*INPUT DATA*
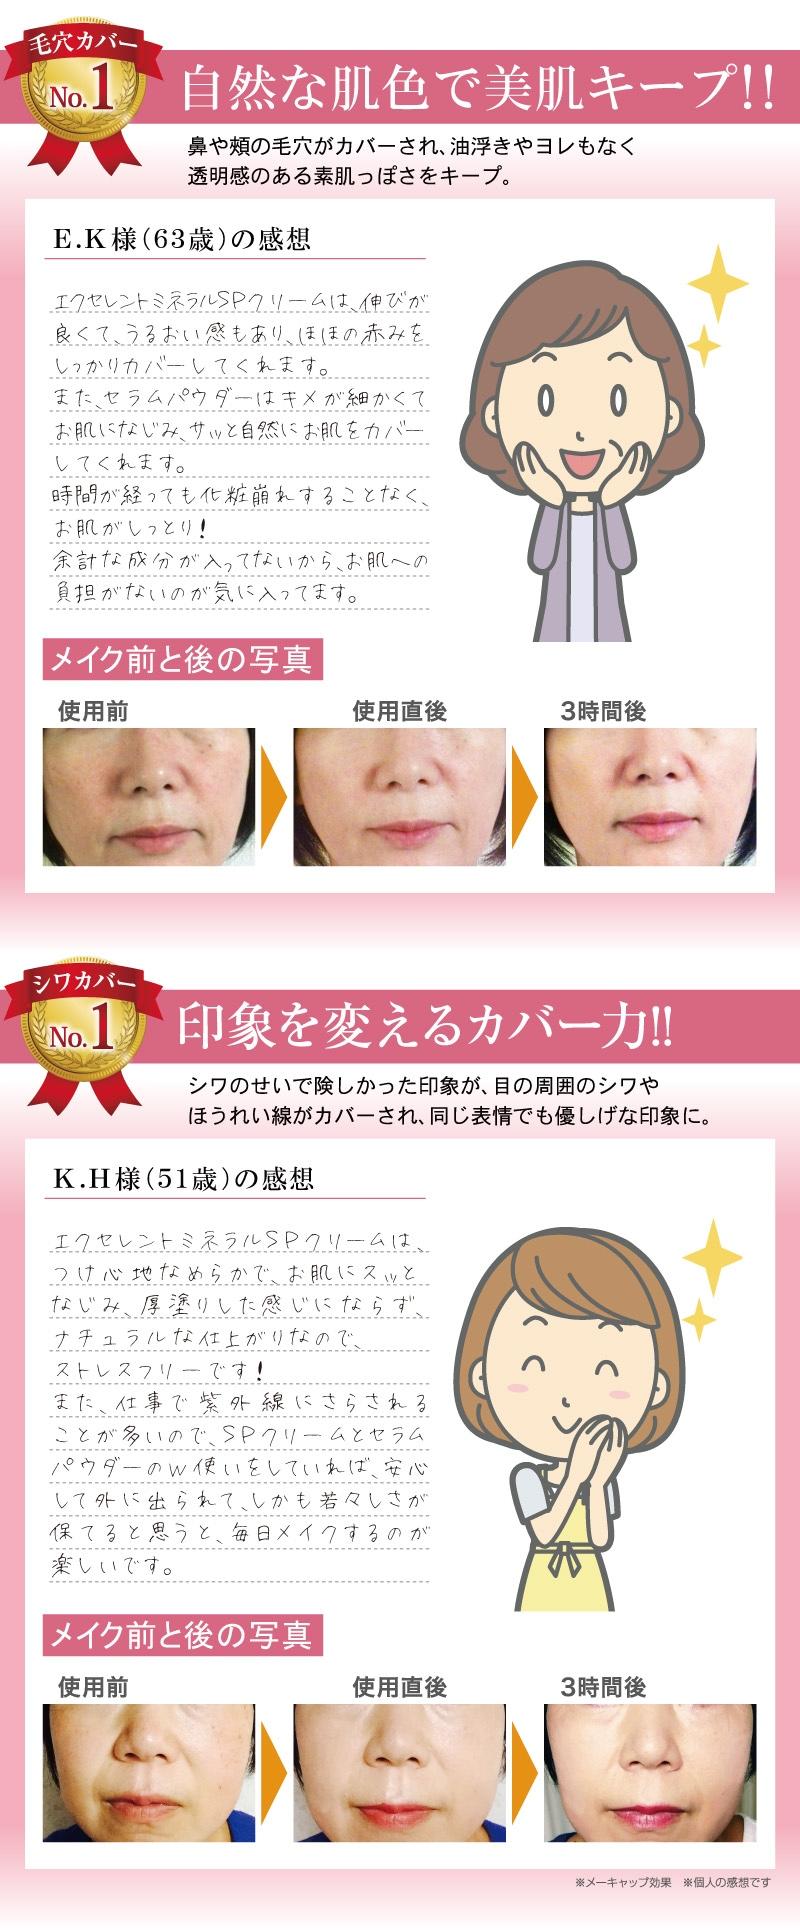 E.K様(63歳)の感想 エクセレントミネラルSPクリームは、伸びが良くて、うるおい感もあり、頬の赤みをしっかりカバーしてくれます。また、セラムパウダーはキメが細かくてお肌に馴染み、サッと自然にお肌をカバーしてくれます。時間が経っても化粧崩れすることなく、お肌がしっとり!余計な成分が入ってないから、お肌への負担がないのが気に入ってます。 K.H様(51歳)の感想 エクセレントミネラルSPクリームは、つけ心地なめらかで、お肌にスッとなじみ、厚塗りした感じにならず、ナチュラルナ仕上がりないので、ストレスフリーです!また、仕事で紫外線にさらされることが多いので、SPクリームとセラムパウダーのW使いをしていれば、安心して外に出られて、しかも若々しさが保てると思うと、毎日メイクするのが楽しいです。
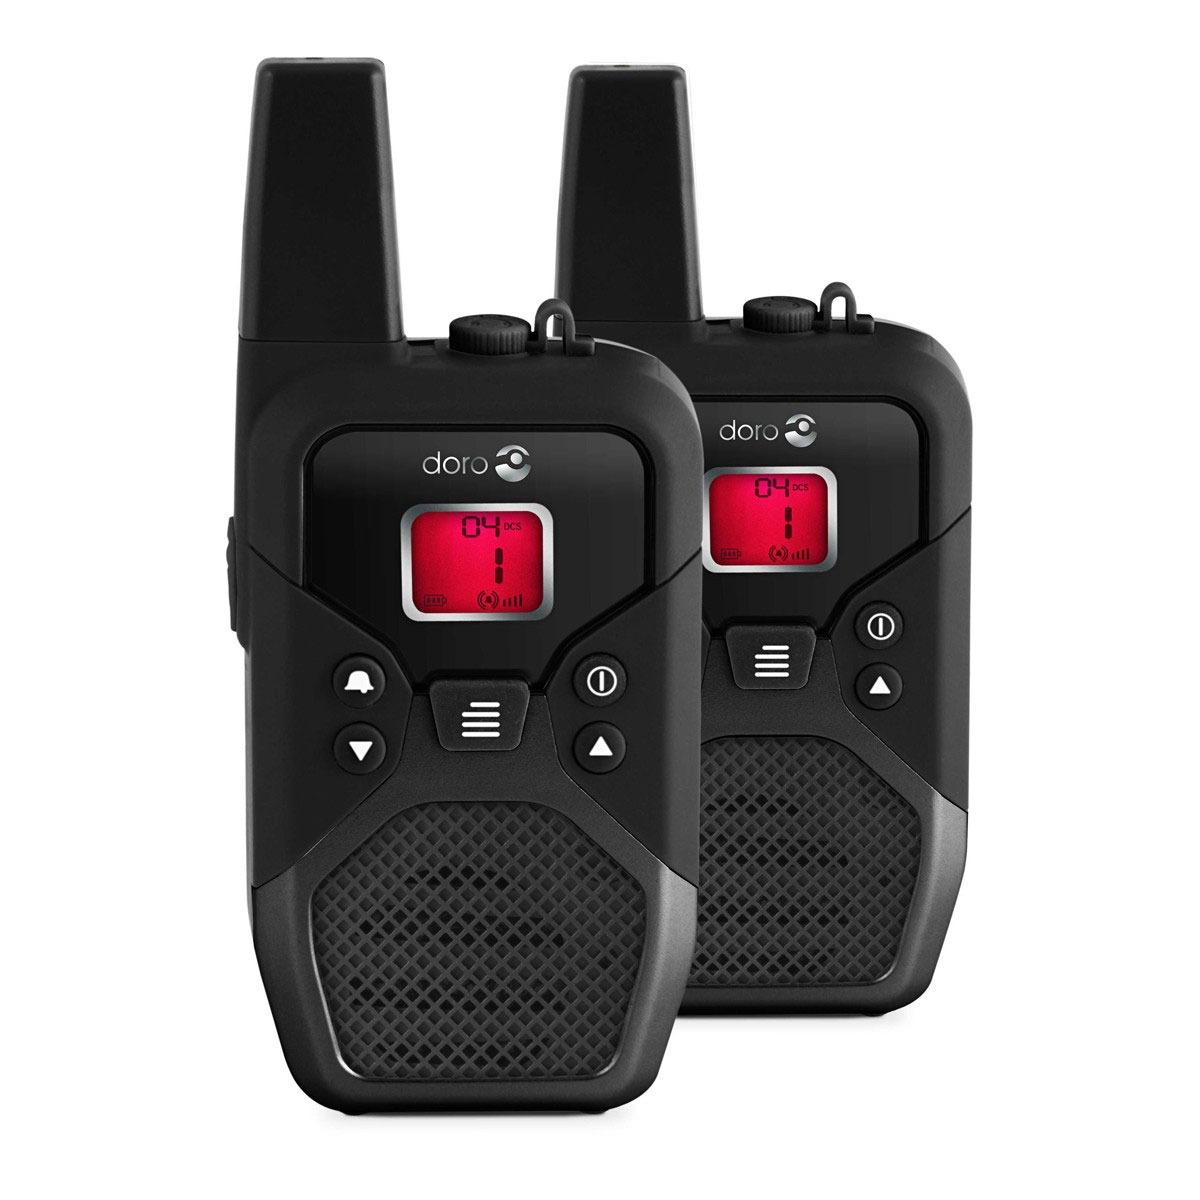 Talkie walkie Doro wt91x pro Doro wt91x pro - Pack de 2 Talkie-Walkies portée 10 km
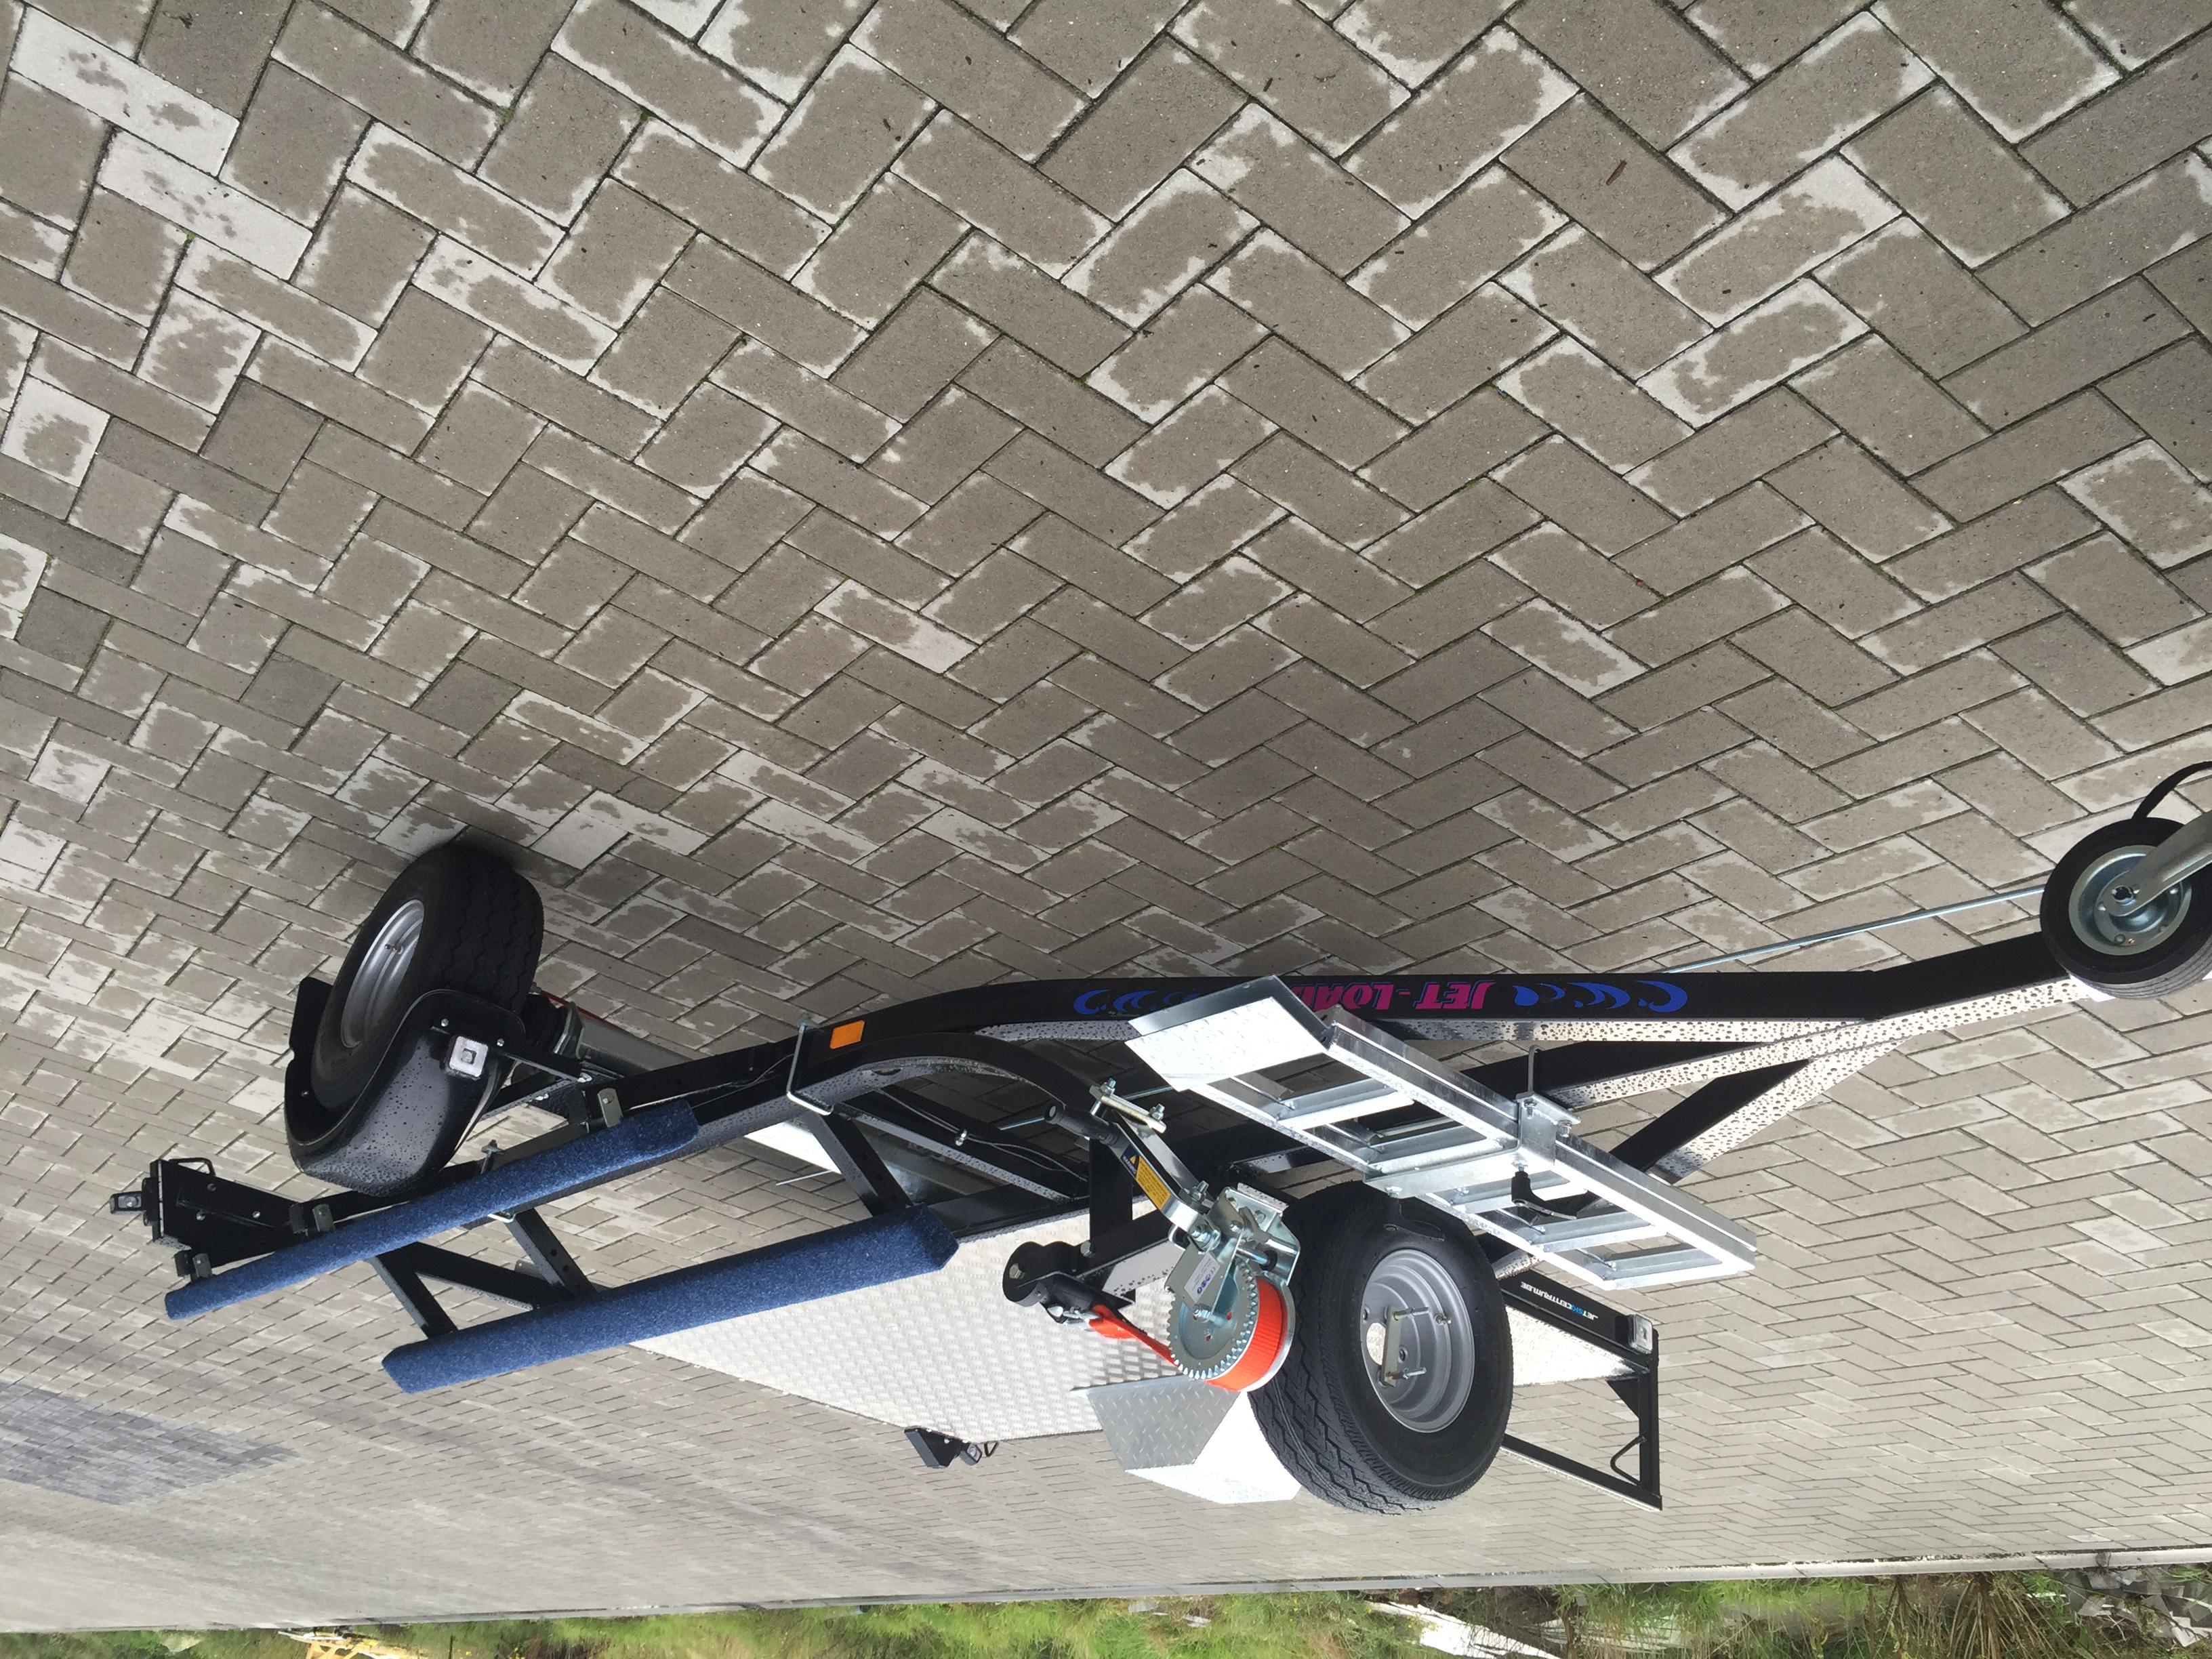 Jet-Loader Jet-quad 1300kg Image

*TASK BRIEF*
Please print the data above once more, exactly and without images.

*WRITTEN SOLUTION*
 E.K様(63歳)の感想 エクセレントミネラルSPクリームは、伸びが良くて、うるおい感もあり、頬の赤みをしっかりカバーしてくれます。また、セラムパウダーはキメが細かくてお肌に馴染み、サッと自然にお肌をカバーしてくれます。時間が経っても化粧崩れすることなく、お肌がしっとり!余計な成分が入ってないから、お肌への負担がないのが気に入ってます。 K.H様(51歳)の感想 エクセレントミネラルSPクリームは、つけ心地なめらかで、お肌にスッとなじみ、厚塗りした感じにならず、ナチュラルナ仕上がりないので、ストレスフリーです!また、仕事で紫外線にさらされることが多いので、SPクリームとセラムパウダーのW使いをしていれば、安心して外に出られて、しかも若々しさが保てると思うと、毎日メイクするのが楽しいです。
 Talkie walkie Doro wt91x pro Doro wt91x pro - Pack de 2 Talkie-Walkies portée 10 km
 Jet-Loader Jet-quad 1300kg Image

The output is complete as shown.